In his “Sports of the Times” column, Arthur Daley wrote of DiMaggio’s return: “If a fiction writer had submitted the story, no self-respecting editor would have accepted a tale so manifestly implausible and preposterous. … The Yankee Clipper proved once again that he was Superman in a baseball suit.”7
But DiMaggio was just getting warmed up. The next day, with New York trailing 7-1, he hit a three-run homer in the fifth. Then, after the Yankees tied the game at 7-7, he hit a two-out solo homer for the winning run as the Yankees prevailed, 9-7. In the final game, with the Yankees leading 3-2 in the seventh, DiMaggio hit a three-run homer to extend the lead to 6-2. The Red Sox cut the lead to 6-3 in the bottom of the seventh, making DiMaggio’s three-run homer the deciding factor in the game.

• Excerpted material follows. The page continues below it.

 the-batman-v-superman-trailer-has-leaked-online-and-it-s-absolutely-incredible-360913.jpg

In the three-game sweep, which put the Yankees eight games ahead of the now fifth-place Sox, DiMaggio went 5-for-11, scored five runs, drove in nine, and hit four homers. He played a total of 76 games for the season, compiling a .346 average with 14 homers and 67 RBIs. His triumphant return to the baseball wars after an eight-month layoff made a mockery of spring training and boosted the morale of his teammates beyond all expectations. His performance played a key role in leading the Yankees to winning the pennant in spite of numerous injuries, then beating the Dodgers in five games to win the World Series.

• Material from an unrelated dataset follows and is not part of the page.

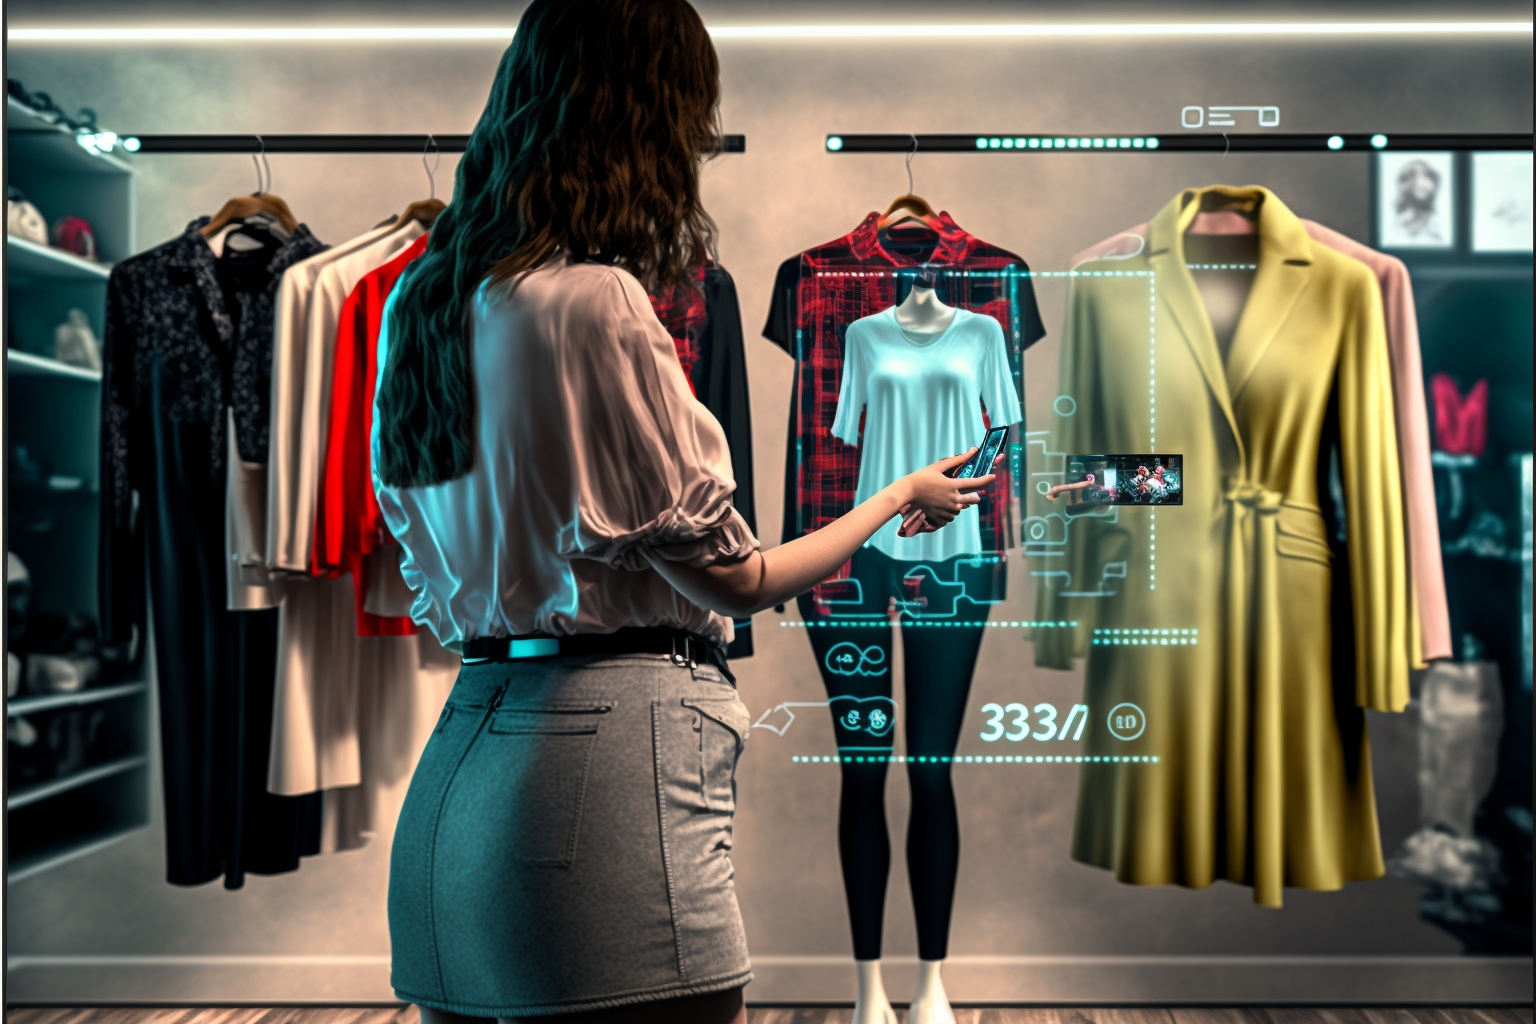 Harness the power of social media to anticipate fashion trends

In addition to the sources cited in the Notes, the author consulted Baseball-Reference.com and Retrosheet.org.
1 Joe Trimble, “Casey Sees ‘New Season’ With DiMag’s Return,” New York Daily News, June 29, 1949: 83.
2 At the time various sources listed the salary as between $80,000 and $100,000, but Yankees financial records preserved in the Baseball Hall of Fame confirm the figure to be $100,000.
3 Joe Trimble, “DiMaggio in Hospital Again, Career May Be at Close,” New York Daily News, April 13, 1949: C20.
4 Louis Effrat, “Joe in First Start as Bombers Score,” New York Times, June 29, 1949: 35.
5 Harold Kaese, “‘Atta Boy Joe’; and DiMag Sure Responds,” Boston Globe, June 29, 1949: 1.
6 Hy Hurwitz, “36,226 See Yanks Edge Red Sox, 5-4; Joe DiMag Homers,” Boston Globe, June 29, 1949: 1, 20.
7 Arthur Daley, “Sports of the Times,” New York Times, June 30, 1949: 31.